Separated from US forces, Ransome nevertheless finds a working radio when he, and the villagers traveling with him, stumble across the corpse of an American chopper pilot. He uses this radio to make contact with the US base. Harriman persuades a reluctant Radek to rescue Ransome. However, back at the US base, Ransome is ordered to head back into the combat zone to investigate claims of a Russian military presence in the area. Back in the fray, Ransome is taken captive by a Russian operative, Jakoda (Alex Vitale), a KGB agent who is working with the NVA. Jakoda tortures Ransome, hoping the Strike Commando will broadcast anti-war messages to US troops. However, Ransome manages to escape with Jakoda’s female counterpart, Olga (Louise Kamsteeg). Olga quickly falls for the hunky American, and aids him in his escape. However, Ransome is once again betrayed by Radek, who commands a chopper gunner to shoot Ransome rather than order his rescue. Olga is killed, and Radek’s betrayal reaffirms Ransome’s desire for revenge.

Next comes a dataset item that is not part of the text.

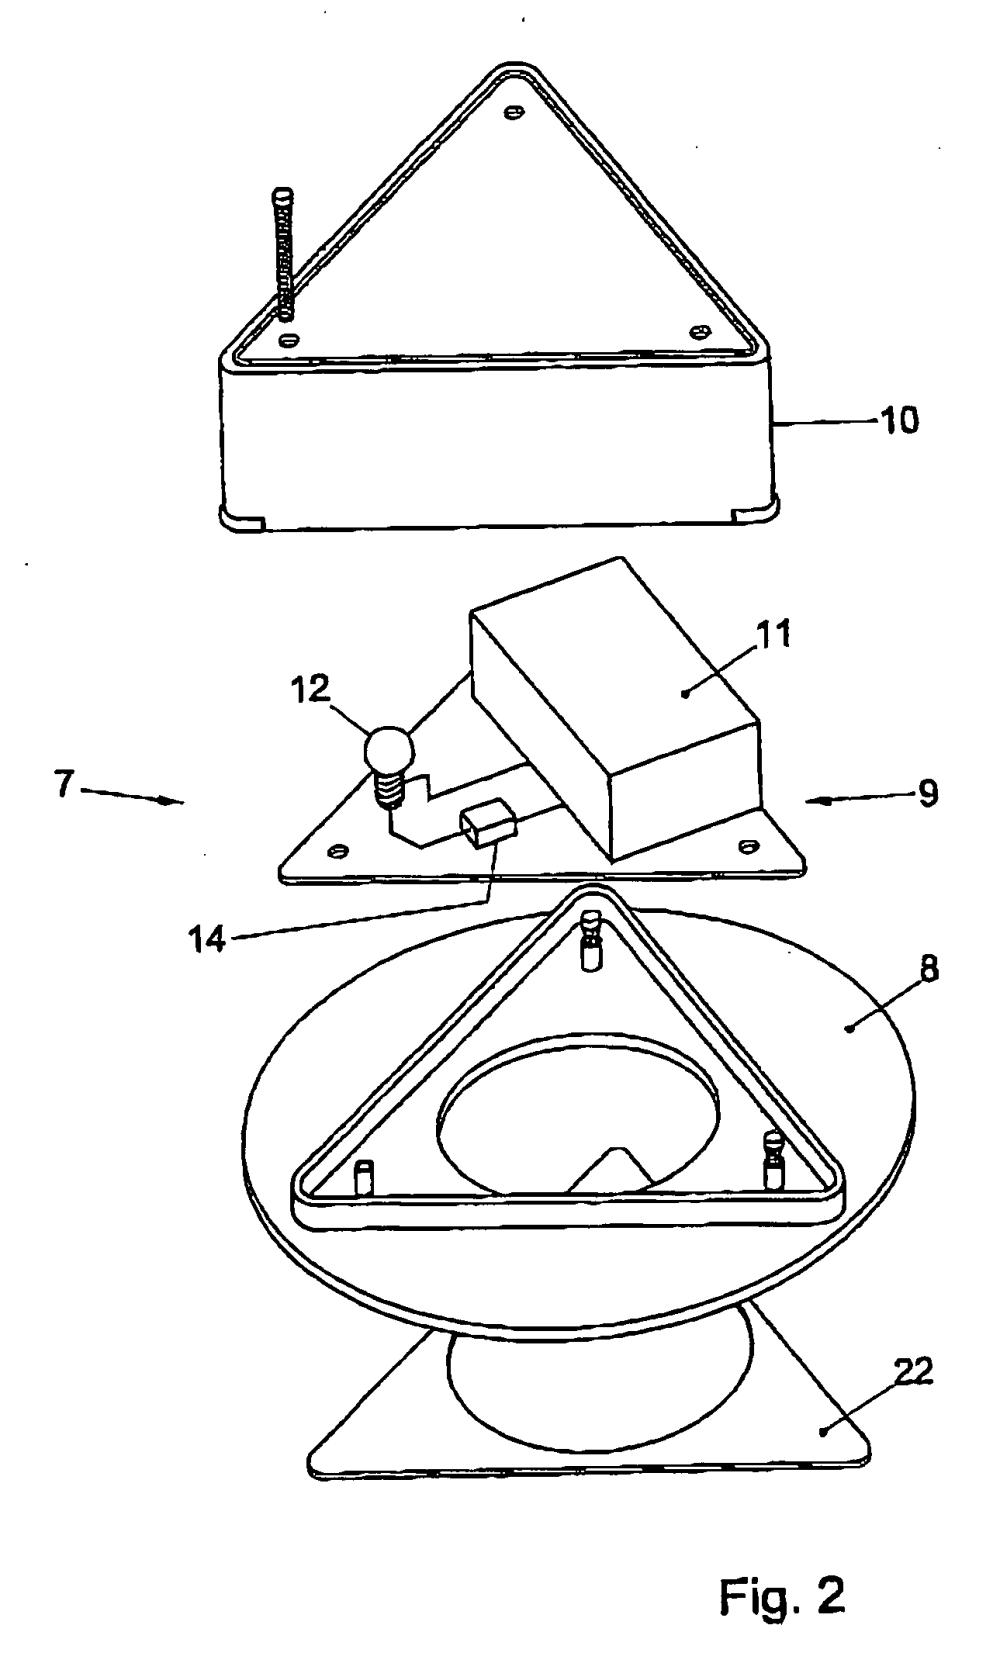 medium resolution of federal signal light bar wiring diagram federal free

‘It’s getting tight’, Radek tells Harriman as the film opens. ‘It was tight to begin with’, Harriman responds. Both men watch the Strike Commando unit infiltrate the NVA compound from an observation position which would seem to be all-too-visible to a watchful enemy. Mattei / Fragasso would seem to be either suggesting that the NVA forces are deeply, profoundly unobservant – or, with the film’s opening minutes, willingly sacrifice any pretence of realism. All bets are on the latter, given the joyful, nihilistic absurdity of what ensues. This extends beyond narrative events to the equipment used by the characters in the film, including a pair of binoculars which, when we see through them from Ransome’s point-of-view, make a computerised whirring noise and feature a readout of numbers on the right-hand side, but have no clear benefits over normal ‘bins’.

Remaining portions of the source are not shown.